What happened
During a flight intended to evaluate lateral and directional stability, the crew was conducting a series of maneuvers involving new flap configurations, updated leading edge fairings, and modified stall protection system settings. The flight plan specified that the steady heading sideslip maneuvers should conclude once a stall warning was received or upon reaching a 15° sideslip angle. The crew had agreed to terminate the maneuver at the onset of the stall warning.

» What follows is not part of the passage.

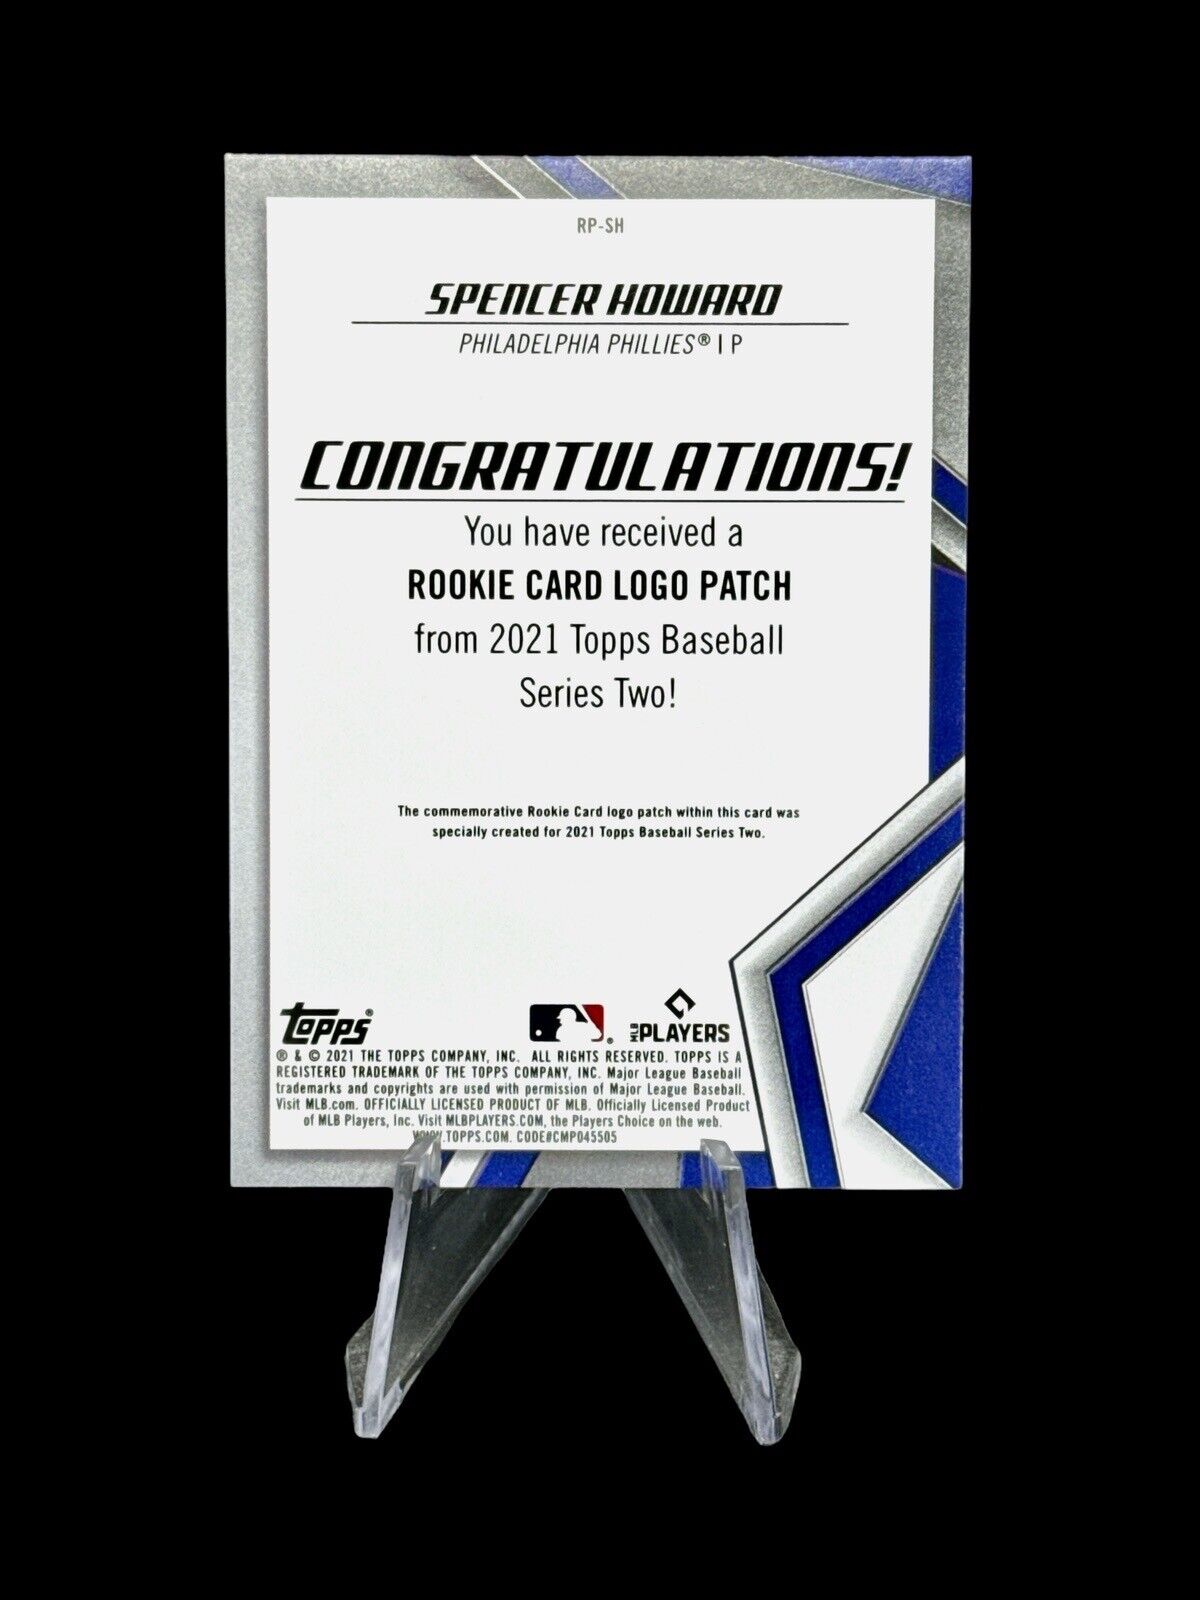 2021 Topps Series 2 Spencer Howard RC Rookie Logo Patch (RP-SH)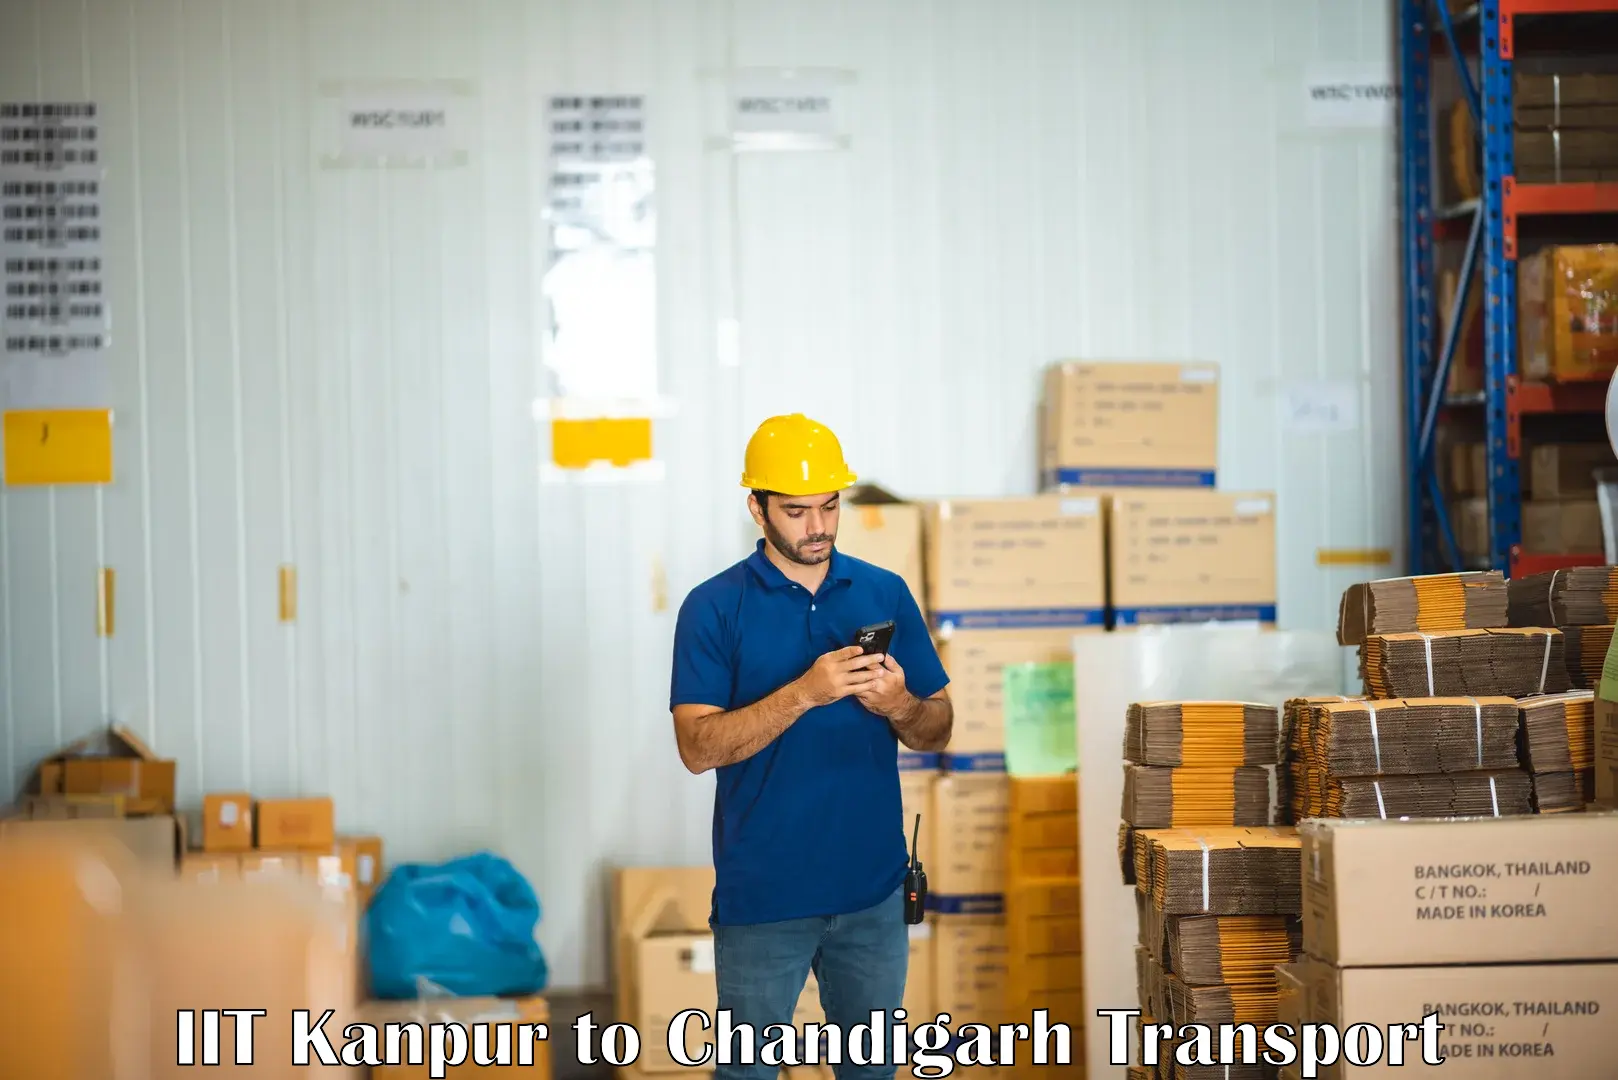 Vehicle parcel service IIT Kanpur to Chandigarh

However, during the execution of the test, the pilot continued the maneuver beyond the warning threshold, reaching a 21° sideslip with full rudder input. This caused the aircraft type to roll rapidly through a 360-degree rotation and enter a deep stall. In an attempt to recover, the co-pilot tried to activate the anti-spin parachute system. This attempt failed because the cockpit switches for the chute system had not been correctly preset. Rather than aiding in the recovery, the parachute separated from the aircraft.
Findings
Investigations revealed that the three fatalities were the result of the aircraft's inability to recover from the deep stall and the subsequent failure of the emergency recovery system. A critical factor was the improper configuration of the chute system switches. Furthermore, the design of the parachute system was found to be flawed, as it permitted deployment even when the hydraulic lock switch was in the unlocked position and the hooks securing the chute shackle to the airframe were open. Although the system had passed pre-flight testing, it failed to function as intended during the emergency.